2. Use the maketrans() function to remove punctuations from the nld_enp object. The maketrans() function is a function from the library str that is used to construct a transition table, i.e that it specifies a list of characters that need to be replaced in a string or the characters that need to be deleted from the string. To use this transition table, you can use the translate() function and apply that on a string. It is also possible to use these functions to remove the punctuations. Similar to the example below, apply the maketrans() function to remove punctuations from the nld_eng array.
### Here you see an example on how to use the maketrans() function ###
# specify the list of characters that need to be replaced
str1 = "mtex"
# specify the list of characters with which the characters need to be replaced
str2 = "dwoo"
# specify the list of characters that needs to be deleted
str3 = "u"
# target string
temp_str = "text mining"
# using maketrans() to construct a translate table
table = temp_str.maketrans(str1, str2, str3)

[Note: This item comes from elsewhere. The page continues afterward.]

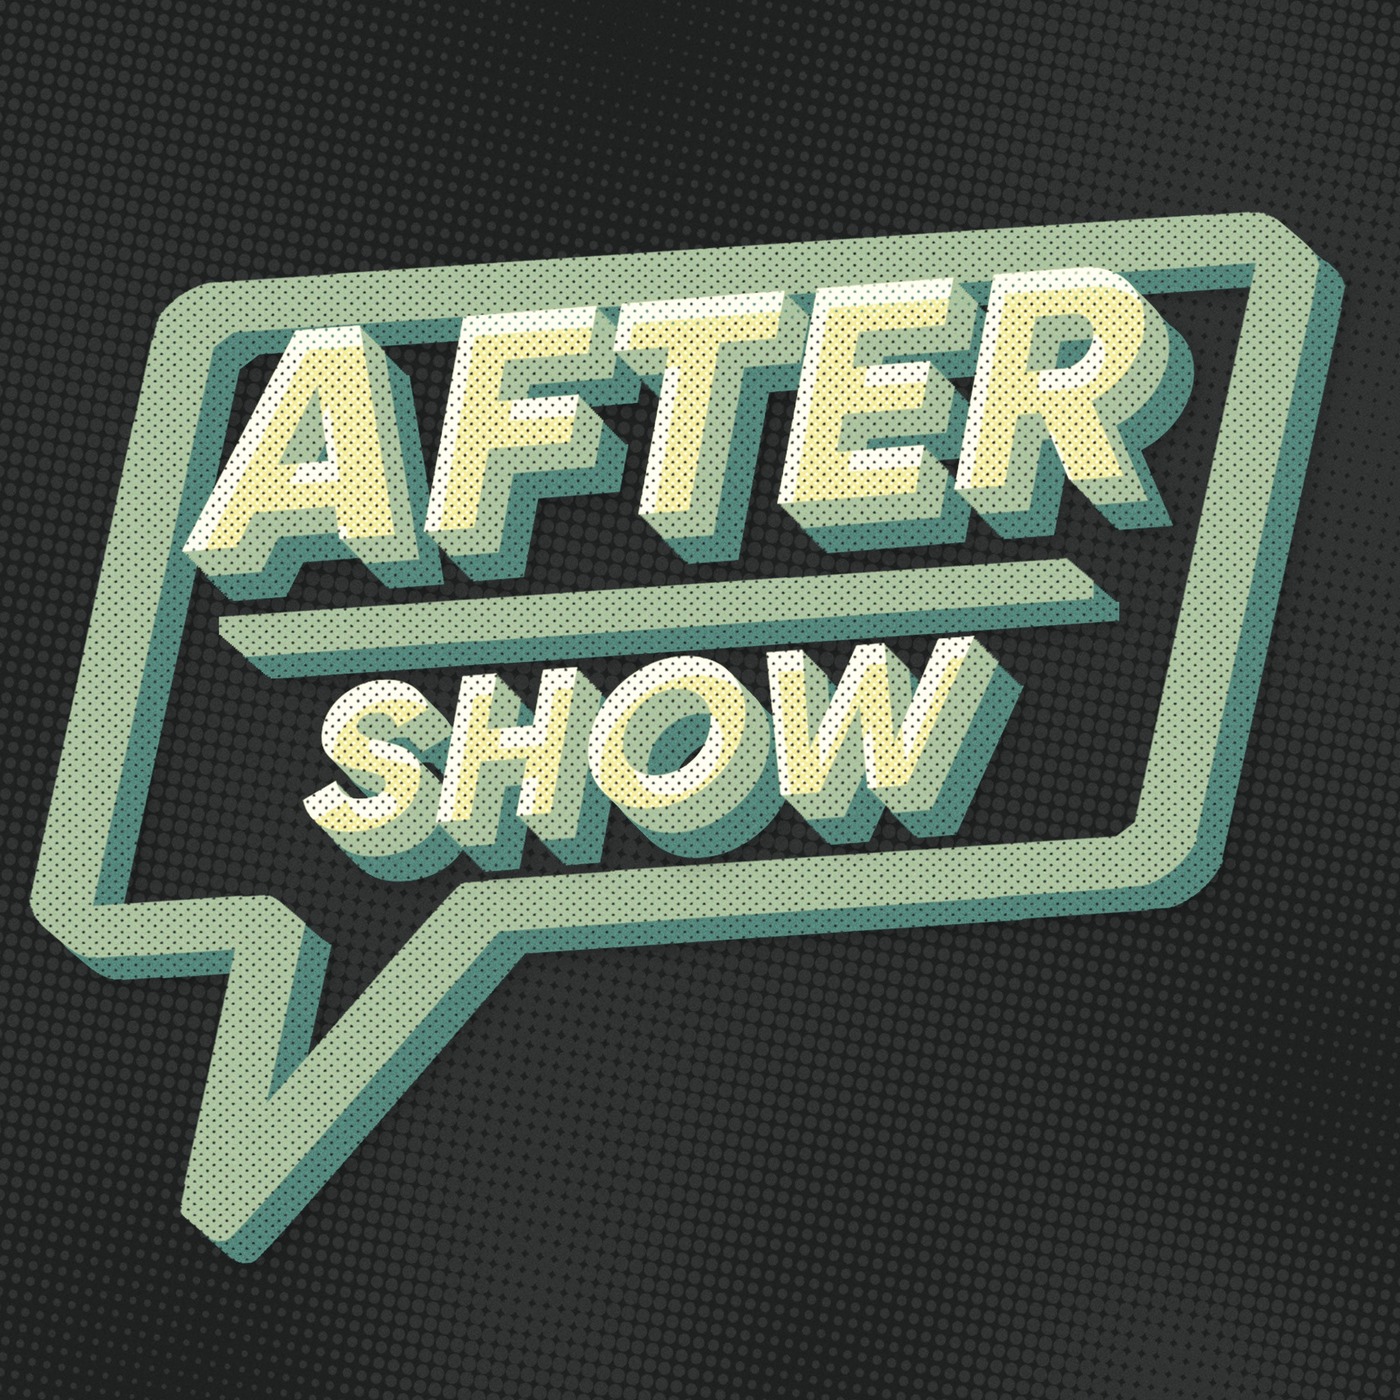 The Last Of Us Episode 2 Aftershow

# Printing original string
print ("The string before translating is : ", end ="")
print (temp_str)
# using translate() to make translations.
print ("The string after translating is : ", end ="")
print (temp_str.translate(table))
The string before translating is : text mining The string after translating is : woow dining
Note that it is possible to replace one character with two or more. You need to supply a dict as argument to maketrans().
nld_eng[:,0] = [s.translate(str.maketrans('', '', string.punctuation)) for s in nld_eng[:,0]]
nld_eng[:,1] = [s.translate(str.maketrans('', '', string.punctuation)) for s in nld_eng[:,1]]
nld_eng
array([['Go', 'Lopen', 'CC-BY 2.0 (France) Attribution: tatoeba.org #2877272 (CM) & #7764436 (LinguisticFusion)'], ['Go', 'Vooruit', 'CC-BY 2.0 (France) Attribution: tatoeba.org #2877272 (CM) & #7915821 (Elsofie)'], ['Hi', 'Hoi', 'CC-BY 2.0 (France) Attribution: tatoeba.org #538123 (CM) & #537889 (Dorenda)'], ..., ['Always use distilled water in steam irons because using ordinary water will cause a mineral buildup over time that will clog the steam holes', 'Gebruik altijd gedistilleerd water in stoomstrijkijzers want gewoon water zorgt voor mineraalophoping dat de stoomgaatjes na verloop van tijd verstopt', 'CC-BY 2.0 (France) Attribution: tatoeba.org #3020388 (Delian) & #3037091 (Citrine)'], ['If you translate from your second language into your own native language rather than the other way around youre less likely to make mistakes', 'Als je vanuit je tweede taal naar je eigen moedertaal vertaalt in plaats van andersom maak je minder snel fouten', 'CC-BY 2.0 (France) Attribution: tatoeba.org #1230823 (CK) & #8627687 (MarijnKp)'], ['If someone who doesnt know your background says that you sound like a native speaker it means they probably noticed something about your speaking that made them realize you werent a native speaker In other words you dont really sound like a native speaker', 'Als iemand die je achtergrond niet kent zegt dat je klinkt als een moedertaalspreker betekent dat dat diegene waarschijnlijk iets in je spreken opgemerkt heeft dat hem deed realiseren dat je geen moedertaalspreker bent Met andere woorden je klinkt niet echt als een moedertaalspreker', 'CC-BY 2.0 (France) Attribution: tatoeba.org #953936 (CK) & #1056762 (ReneeMona)']], dtype='<U286')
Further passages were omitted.